Томас схватил ее голую руку, куснул ее, потом нагло и вместе с тем смущенно привлек девушку к себе. Я снова его возненавидел. Но Клара, улыбаясь, влепила ему пощечину и мягко, но решительно высвободилась.
И здесь, в боулинге, как раньше на берегу озера, присутствие девушки в черном, во всем непохожей на своих сверстниц, действует на меня, как зов некой загадки, хотя ничего такого уж значительного от Клары не исходит. Вот она, вся на виду. Проходит мимо. Ничего не понимаю…
Позабыв все, что собирался сказать при встрече, я притворяюсь, будто и не заметил ее. Не заговариваю с ней.
А перед тем как уйти — так же легко, как пришла, — она сама, прелестно наклонив голову, заглядывает мне в глаза и напоминает о своем предложении поснимать мои рисунки. Как-нибудь на днях… у нее дома.
— В любом случае мы увидимся на празднике… Я приду вечером.
Я так устал, катая шары, что крепко уснул, даже не раздевшись, подмяв под себя листки с портретами, заштрихованными так плотно, что лица на них больше напоминают камни из учебника геологии.
В воскресенье просыпаюсь на рассвете — оттого, что вдали в горах, на еще погруженных во тьму лесных дорогах, трубит рог, потом отзывается труба. Всего несколько нот, потонувших в глубокой тишине. Затем, уже смелее, коротенькая веселая мелодия. И снова тишина. Музыканты сходятся из соседних деревень, они двигаются к Кельштайну, встречаются, духовые инструменты радостно переговариваются, и дальше все идут вместе.
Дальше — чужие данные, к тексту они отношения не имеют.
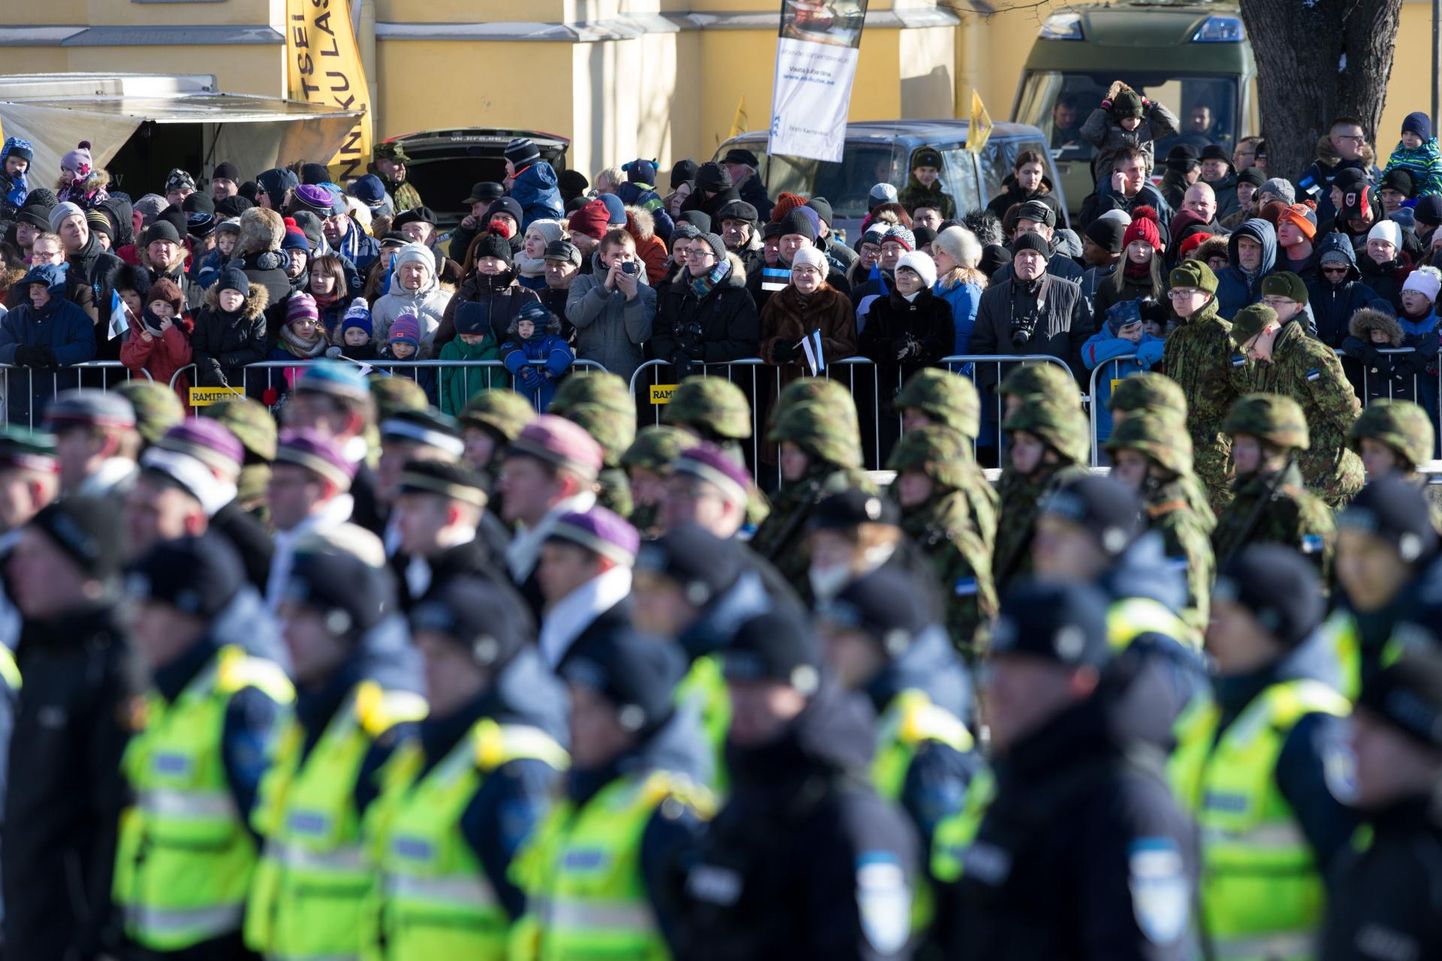 Politsei tähistab Eesti vabariigi aastapäeva pidulike rivistustega. Teisipäeval kell 10 rivistatakse politseinikud üles Rakvere Keskväljakul. Foto on illustratiivne. 

Где-то совсем рядом заиграл аккордеон, кто-то запел, потом раздалась барабанная дробь, послышались шаги, что-то проскрипело, застучал молоток.
Открыв глаза, вижу в прорезях ставней голубые небесные сердечки. Золотой луч упирается мне в грудь, в нем уже пляшут пылинки. Погода чудесная!
Солнце свое дело знает: расцвечивает картинки, сглаживает углы, и тревога тает в его лучах. В доме необычное оживление — я догадываюсь об этом по еле слышным шорохам. Перешептываются, суетятся, тихонько поднимаются и спускаются по лестнице. Скрипят двери.
Вхожу в кухню и застаю всю семью Томаса в сборе: отец, мать, бабушка и сестры в праздничных нарядах. Национальные костюмы выглядят на удивление новыми, хотя почти не переделаны. Местный колорит, воплощенный в коже, роге и черном бархате. Зеленое и красное. Ослепительно белые передники с вышивкой. Кружева. Серебряные серьги. К благоуханию кофе и сдобных булочек примешиваются запахи одеколона и гуталина.
Я еще нечесаный, взъерошенный, глаза заспанные, и все с простодушной гордостью смеются над моим удивлением. Домочадцы (да и все, думаю, в Кельштайне) сегодня добродушны и покладисты. И мне среди этих занавесок в красно-белую клеточку и вышивок на стенах кажется, будто я оказался в хижине добрых медведей, и сейчас они поведут меня навстречу Златовласке.
В будни я очень редко вижу родителей Томаса, они вечно заняты своими делами, какое-то строительство, цемент, леса, толком не знаю, отец — серый костюм, очки в золотой оправе, «Мерседес» срывается с места, не успеваю разглядеть, мать — крупная толстуха, безупречный французский; они работают вместе и всегда спешат. Но сегодня, в это праздничное воскресенье, они похожи на те наивные рисунки, которыми разукрашены городские фасады. Словом, сегодня в Кельштайне праздник, все веселятся, и я тоже намерен получать удовольствие!
Меня ждут. Я быстро натягиваю полотняные штаны и заурядную современную светлую рубашку. И начинается наш «семейный выход», мы раскланиваемся направо и налево с соседями и друзьями, все они тоже в национальных костюмах. Томас великолепен, рядом со мной он особенно роскошно выглядит в своих коротких кожаных штанах и расшитой серебром черной куртке с блестящими пуговицами. На планке, соединяющей подтяжки, красуется пышный цветок эдельвейса. Томас тащит огромный черный футляр с аккордеоном, его отец несет тромбон, у сестер на гладко причесанных головках венки, а я иду рядом с ними, сунув руки в карманы.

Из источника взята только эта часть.